March 26, 2020

ANGELA MERKEL TESTS POSITIVE AND SO DOES GRETA THUNBERG

In what will come to be regarded as the most significant count of poetic justice in human history (once the new age of enlightenment arrives), German Chancellor Angela Merkel has tested positive for the Big C.

The Big C used to be cancer, but right now it’s COVID-19, or China Flu, which was grown in a Chinese lab and released by China using its own people as agents to spread the virus to the rest of the world.

But many will also be pleased to learn that the Joan of Arc of global warming, Greta Thunberg, who had to stand on a chair to reach puberty, is also claiming to have tested positive.

Greta is annoying, but she’s no global criminal, while Angela Merkel has the blood of White Europeans on her hands. The former hard-line socialist is responsible for over a million non-white ‘rapefugees’, mostly males of fighting age, flooding into European countries during 2015. Since their arrival, ghettoes have formed, no-go zones have sprung up, white women have been savagely raped and murdered, and the cultural fabric of the epicentre of western civilisation has been overrun by black and brown Moslems.

All of this with the blessing of who the invading hordes once called ‘Momma Merkel’, and praised as a saint.

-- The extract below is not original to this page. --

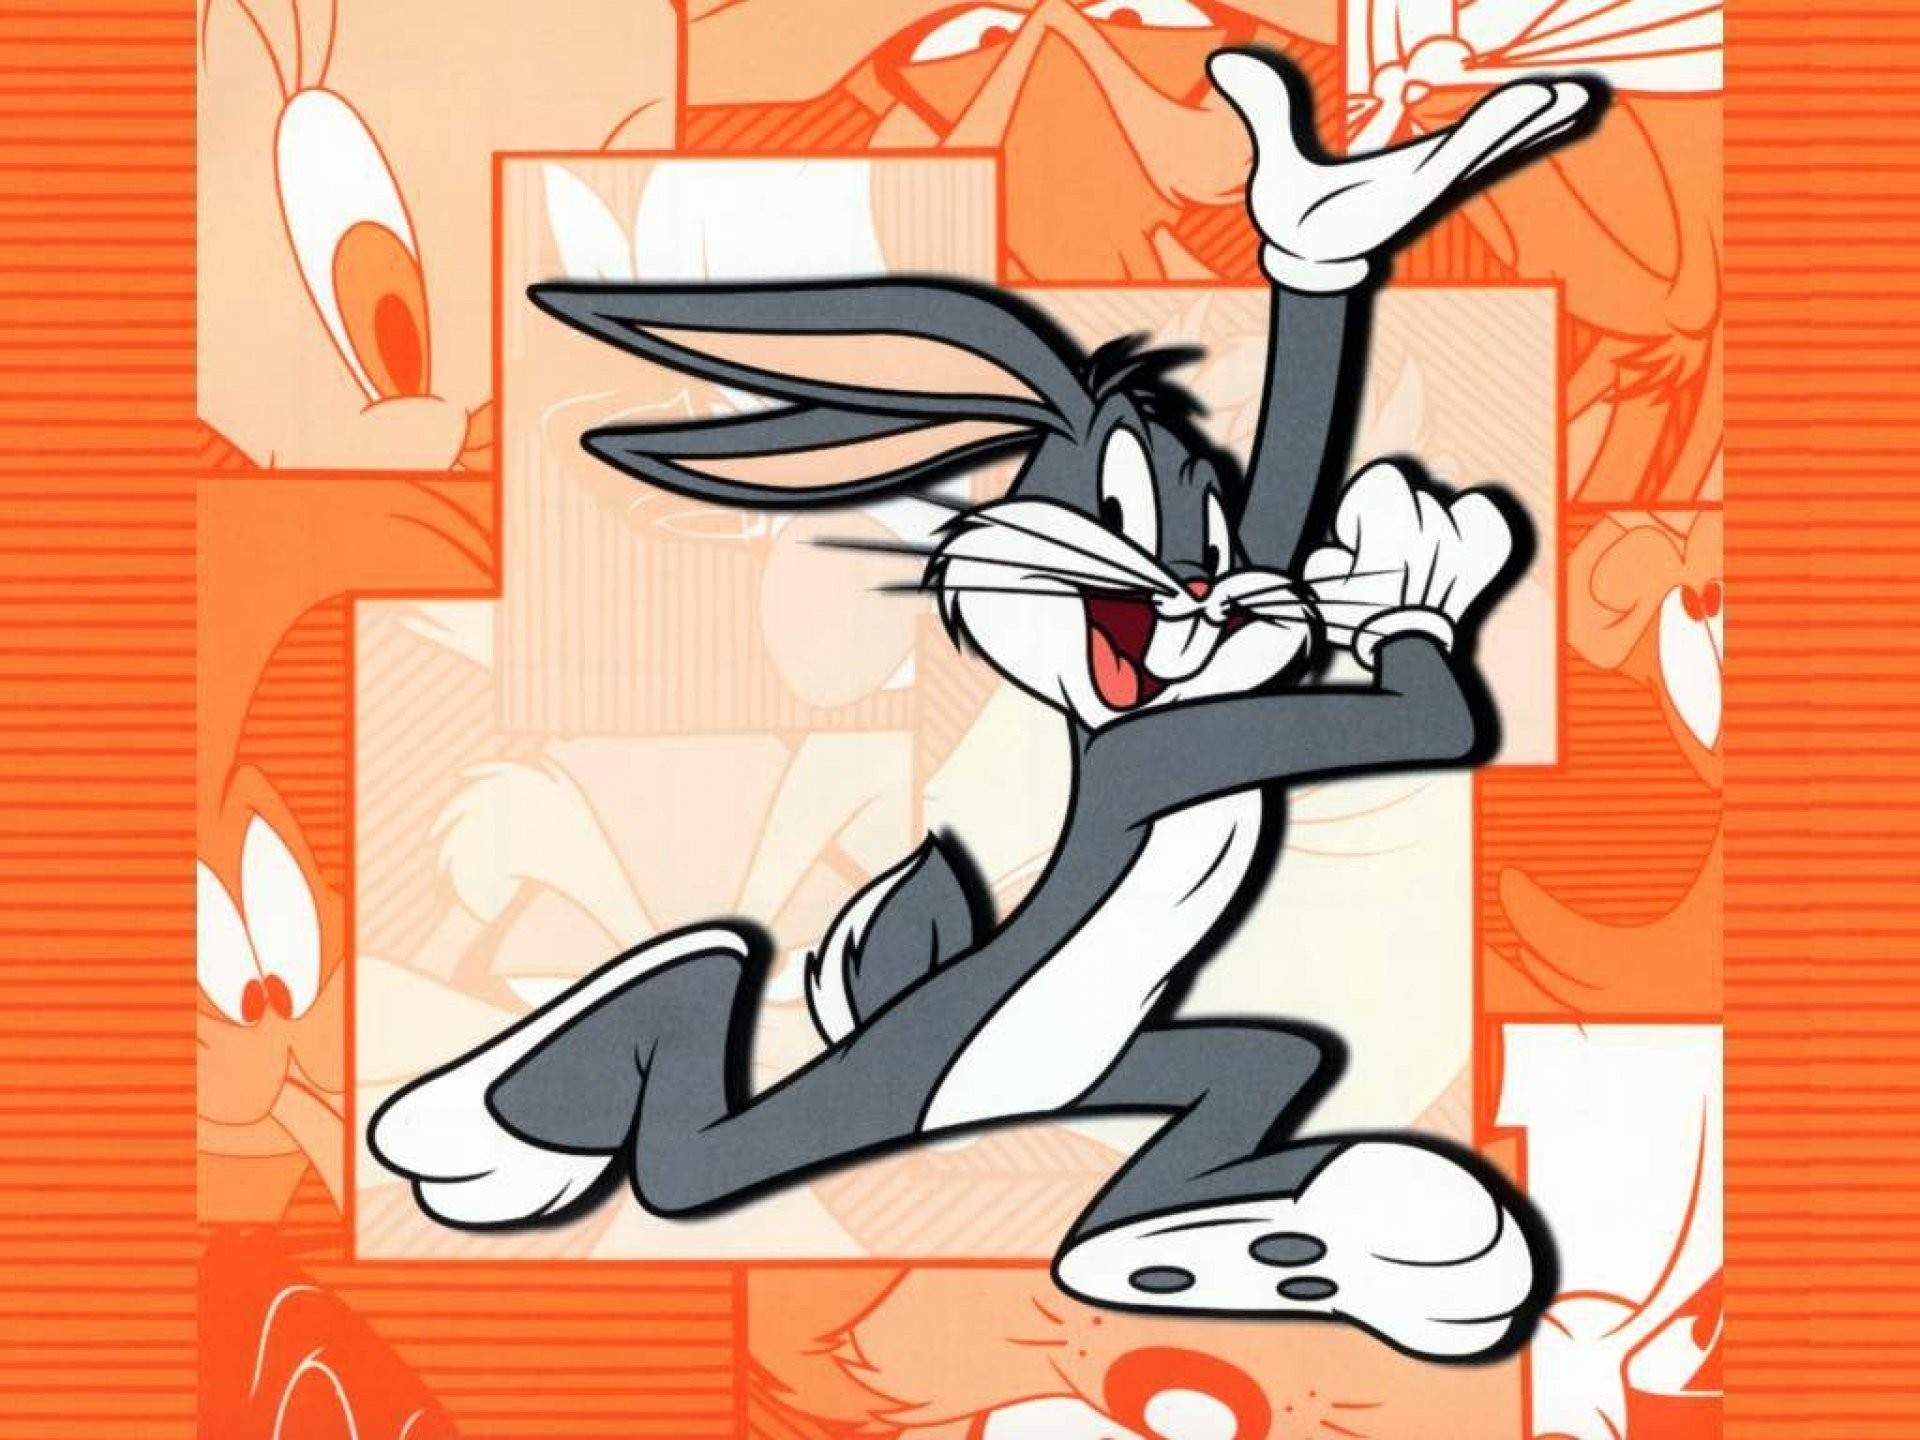 1920x1440 Tecknat - Bugs Bunny Bugs Bakgrund

Think of those refugees as a virus, and think of how the mass migrations of these fighting age fortune-seekers from the mid-east, Africa, and sub-continent are akin to the spread of COVID-19. The safest measure in both instances is to close the gates and quarantine the host population. Merkel didn’t do that; she ensured the contagion was passed on.

Therefore, it’s perfectly proper that Merkel should catch the China Flu, and with a little luck, die from it. If there is any such thing as justice in the world, she will croak while gargling up smouldering bile, her corpse resembling the ghastly mutant image of Dorian Gray, or a painting by Francis Bacon. Then, instead of there being a state service, her remains will be fed to a goat and shit out on an overgrown median strip somewhere inside the city of Chernobyl.

Yes, it’s surprising how, when you add a little and subtract a few, just how much good news is coming out of the coronavirus epidemic. Hearing young Greta is self-isolating because she fears she may have caught it while jaunting around Europe warning everybody about how the sky is about to fall in is warming news, but nothing on the scale of Merkel.

Back home, meanwhile, we’ve had the fortune to have turgid geeks such as Peter Dutton and NSW Liberal Party “powerbroker” Joe Tannous catch it. The latter is in intensive care at St George Hospital in Sydney. Other politicians are coming down with it too, we hope, and it just may lead to the collapse of parliament if we cross our fingers and say our prayers.

Even wilder news is that Prince Charles has tested positive, and he met with Australian High Commissioner George Brandis, so hopefully, he’s caught a snoot full of it as well. The news just keeps on getting better. Or Worse, because as soon as we were about to go live with this report, we read that Merkel’s second test has come back negative, which proves that there is no good news.

We give up. We can only beseech the good lord that she’s lying, and they’re trying to play up confidence in the German government by pretending all is well, but really, she’s close to death.

Still, she is self-isolating and must be sick to have done so, which means there’s still hope yet.